*What you are asked to do:* Return all of the data exactly as written, without the pictures.

*Information provided:*
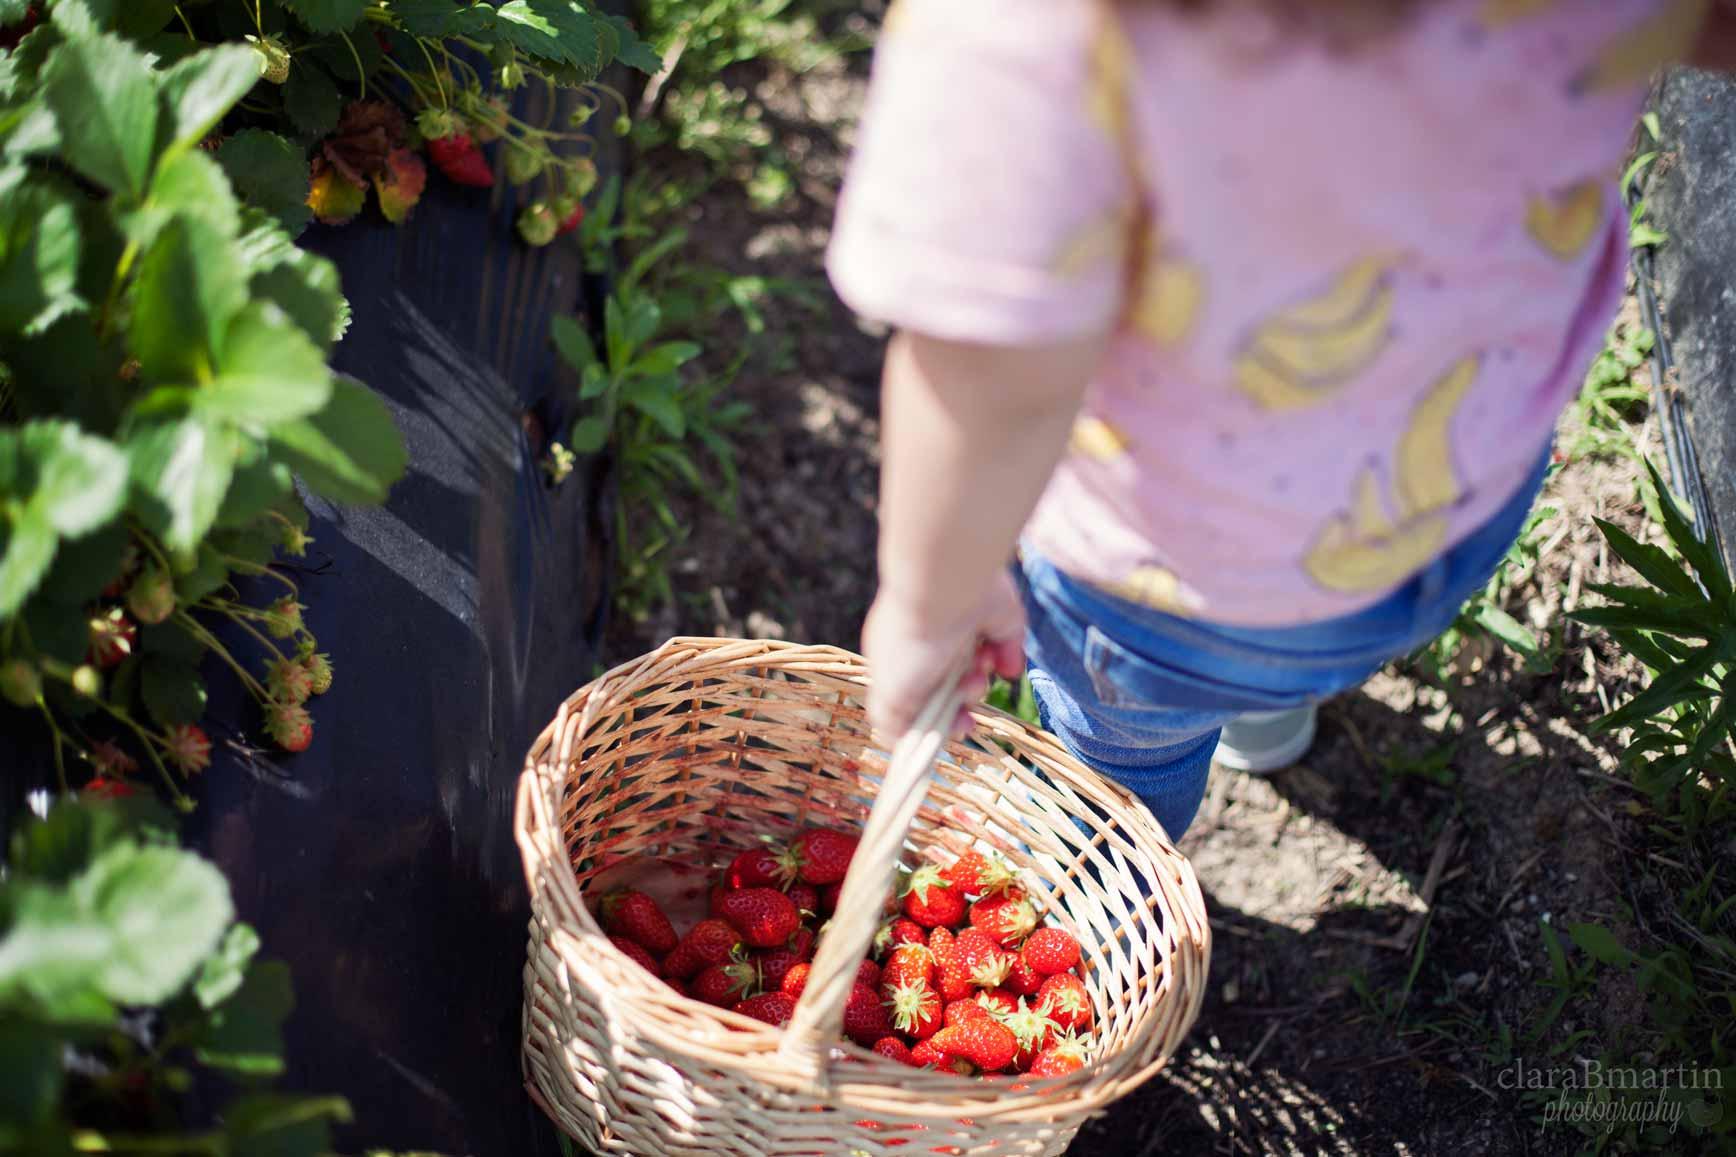 Recolecta-fresas-claraBmartin-11
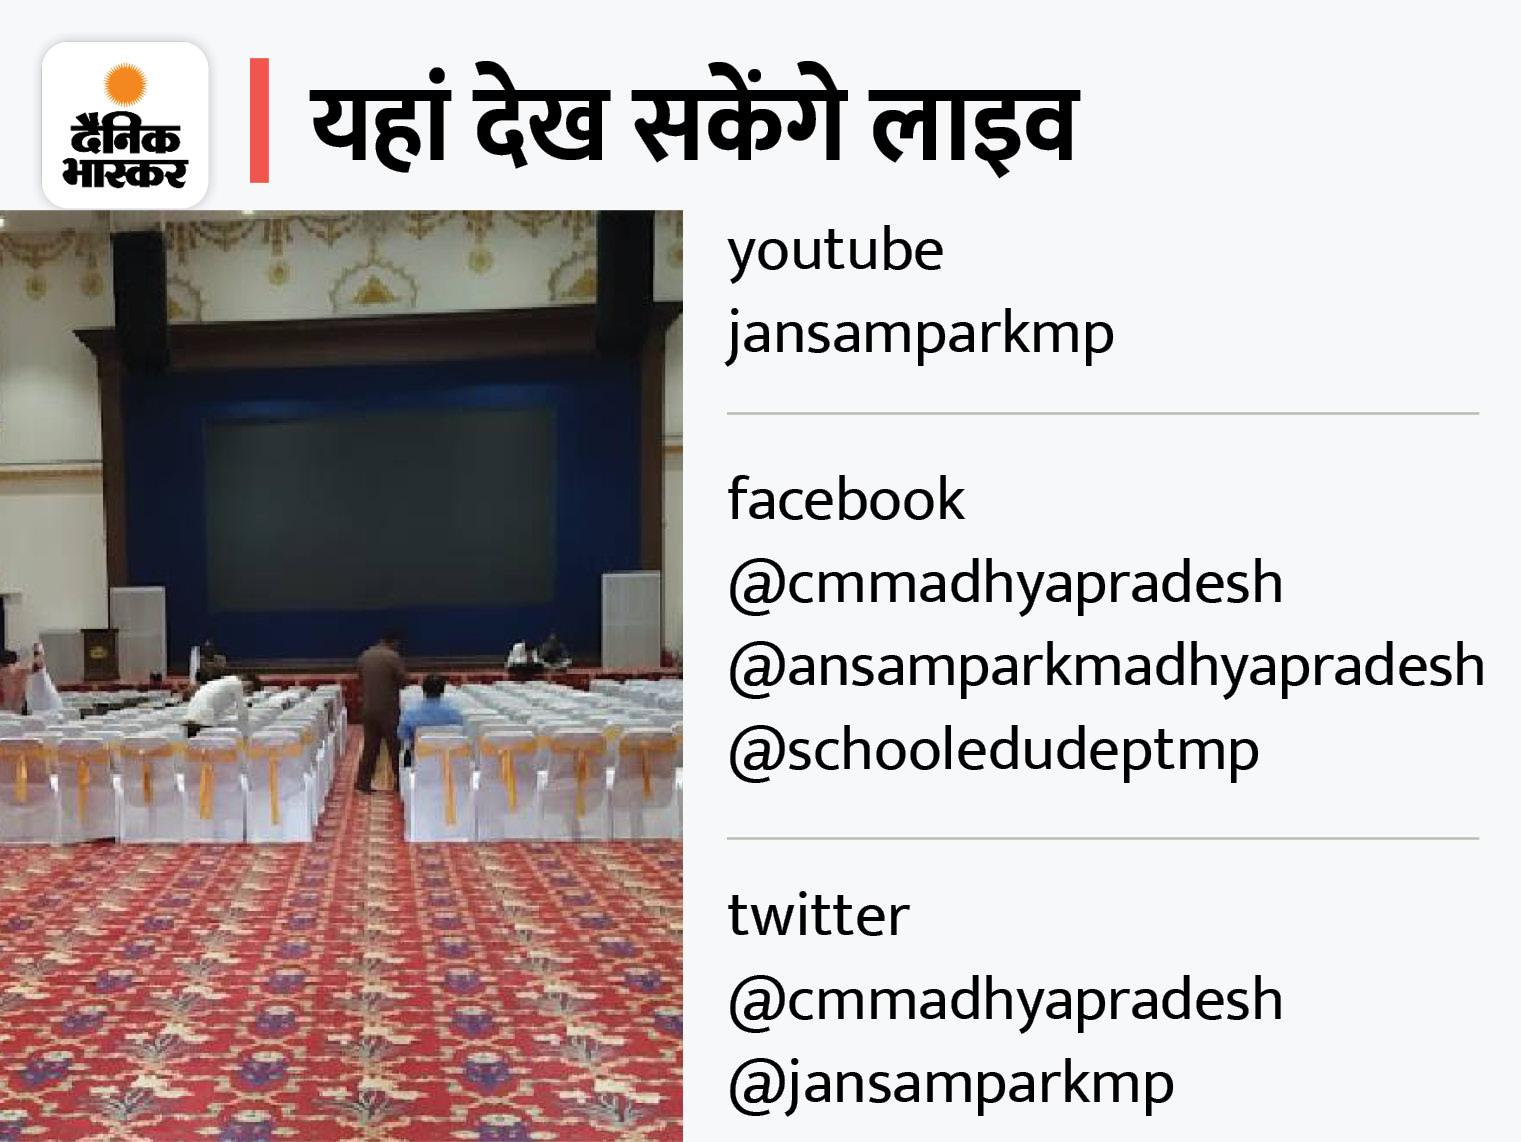 MP से सिलेक्टेड कैंडिडेट बताएंगे सिलेक्शन का तरीका, 1 घंटे तक देंगे सवालों के जवाब; आज भोपाल के मिंटो हॉल में कार्यक्रम मध्य प्रदेश,Madhya Pradesh - Dainik Bhaskar
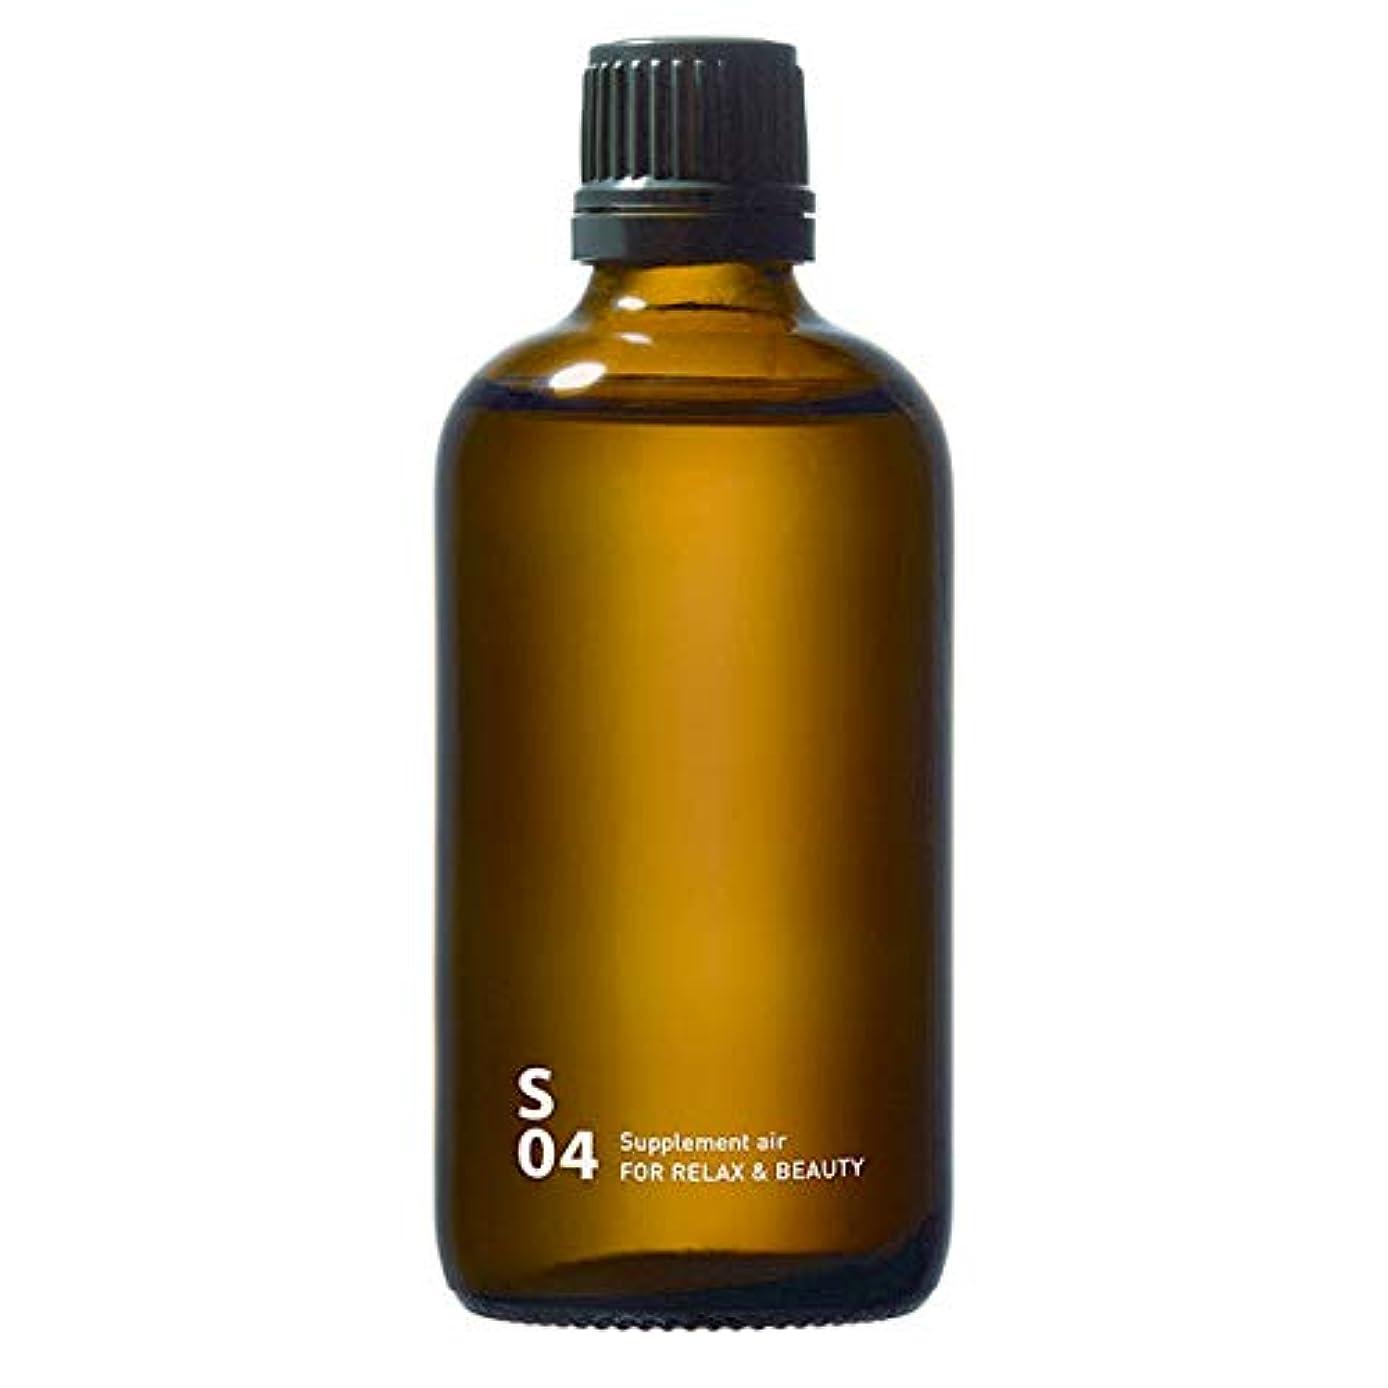 リゾート道徳教育一般的なS04 FOR RELAX & BEAUTY piezo aroma oil 100ml
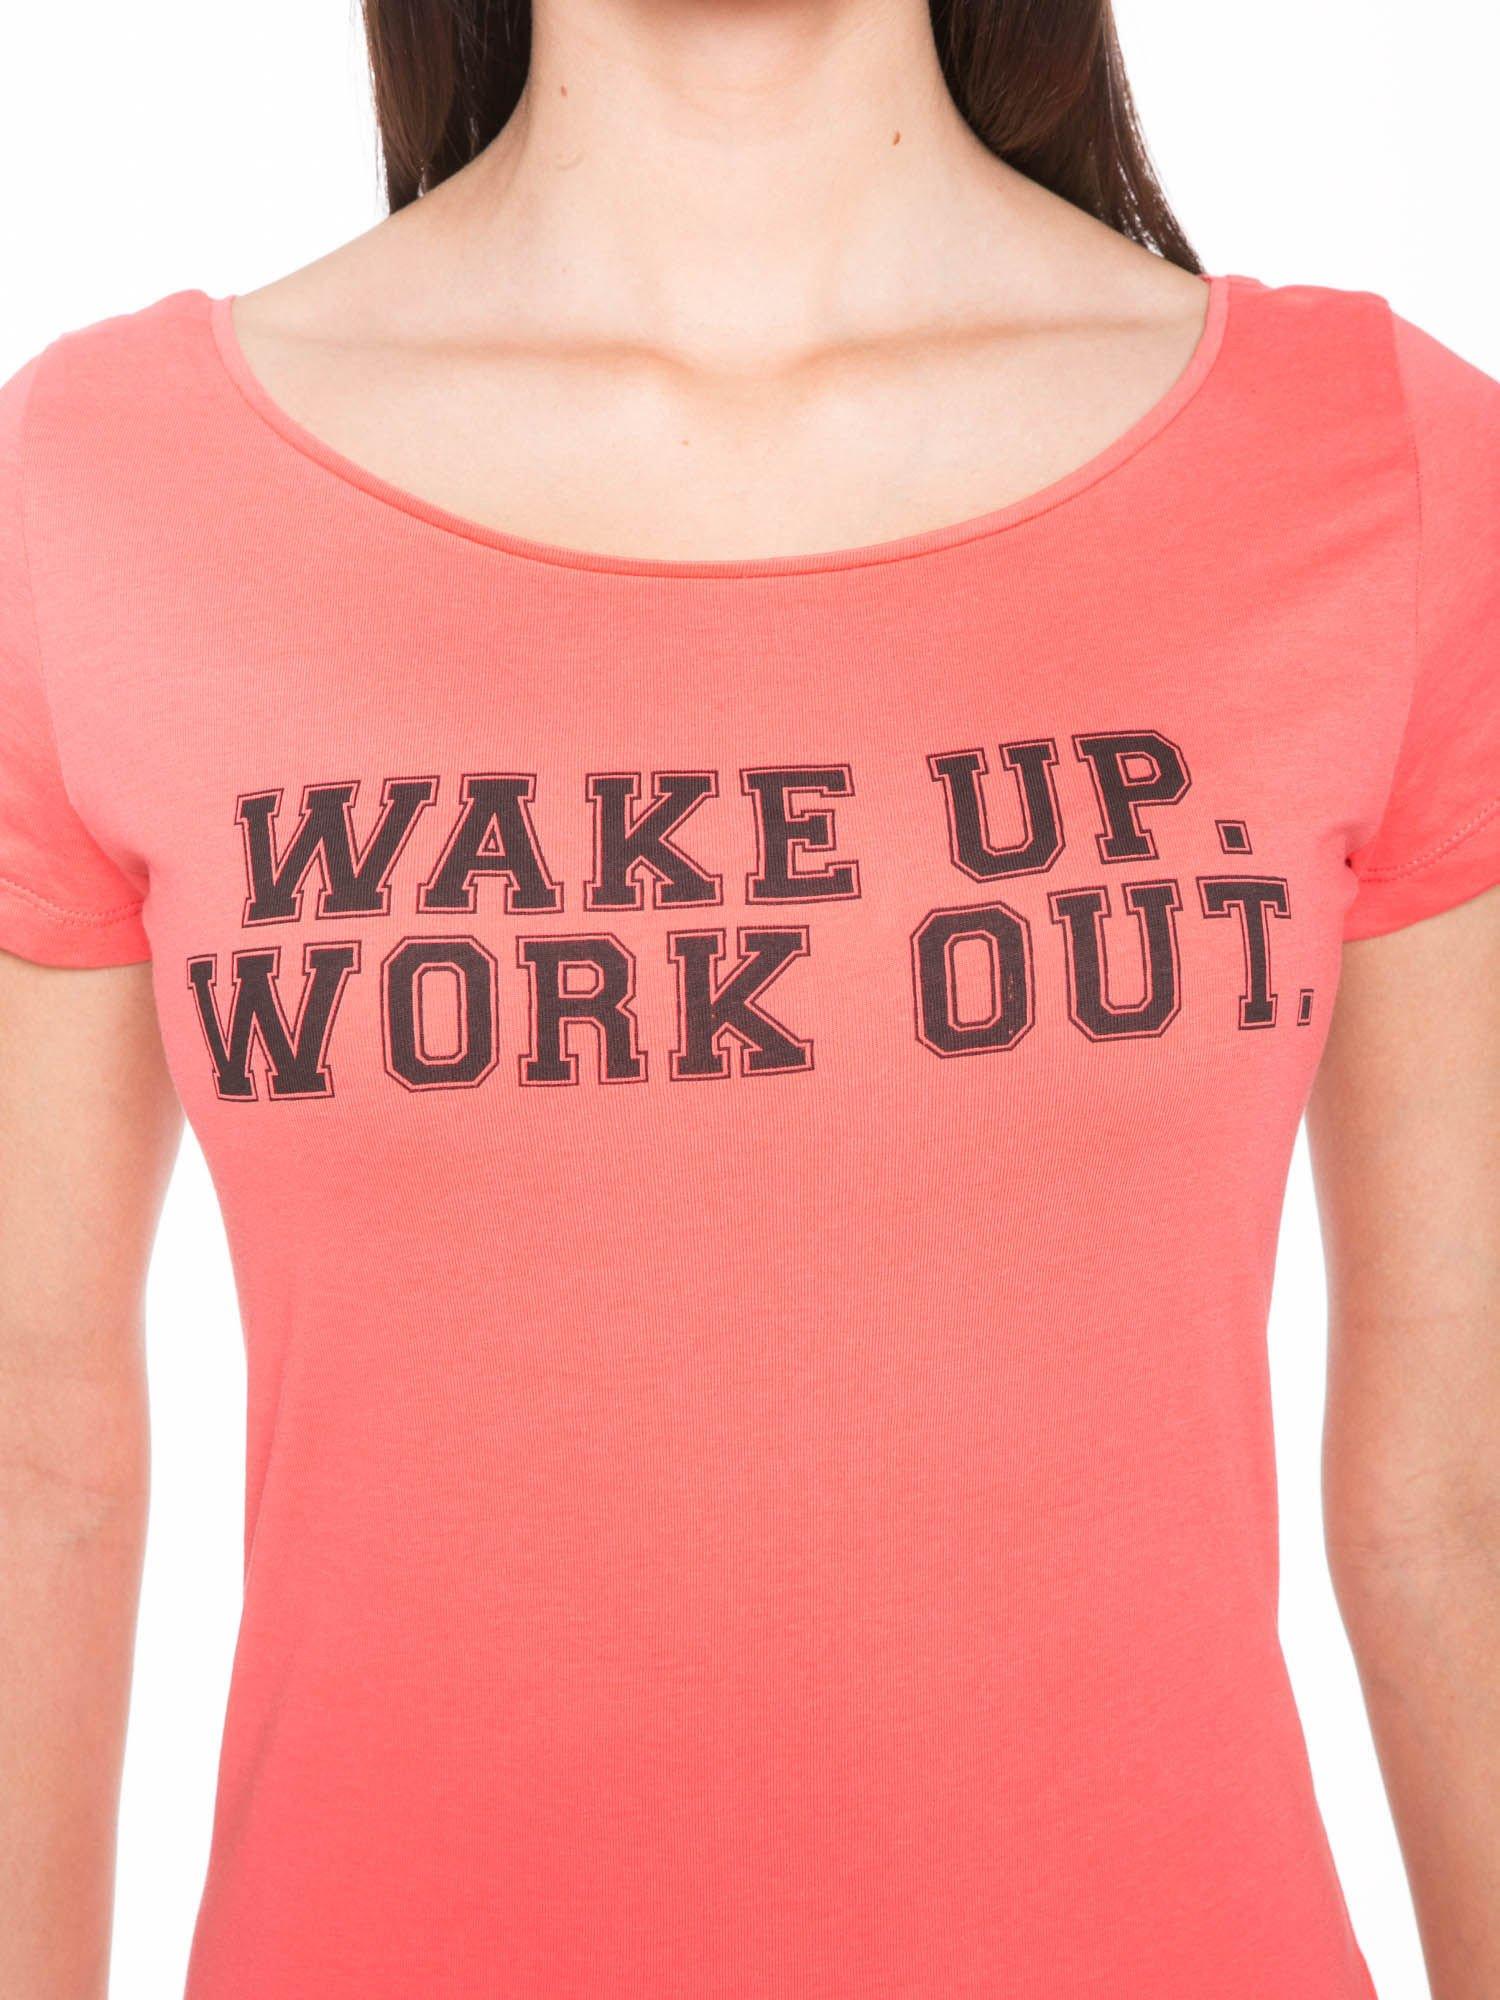 Koralowy bawełniany t-shirt z nadrukiem tekstowym WAKE UP WORK OUT                                  zdj.                                  7

*Answer for this exercise:*
 Recolecta-fresas-claraBmartin-11
 MP से सिलेक्टेड कैंडिडेट बताएंगे सिलेक्शन का तरीका, 1 घंटे तक देंगे सवालों के जवाब; आज भोपाल के मिंटो हॉल में कार्यक्रम मध्य प्रदेश,Madhya Pradesh - Dainik Bhaskar
 リゾート道徳教育一般的なS04 FOR RELAX & BEAUTY piezo aroma oil 100ml
 Koralowy bawełniany t-shirt z nadrukiem tekstowym WAKE UP WORK OUT                                  zdj.                                  7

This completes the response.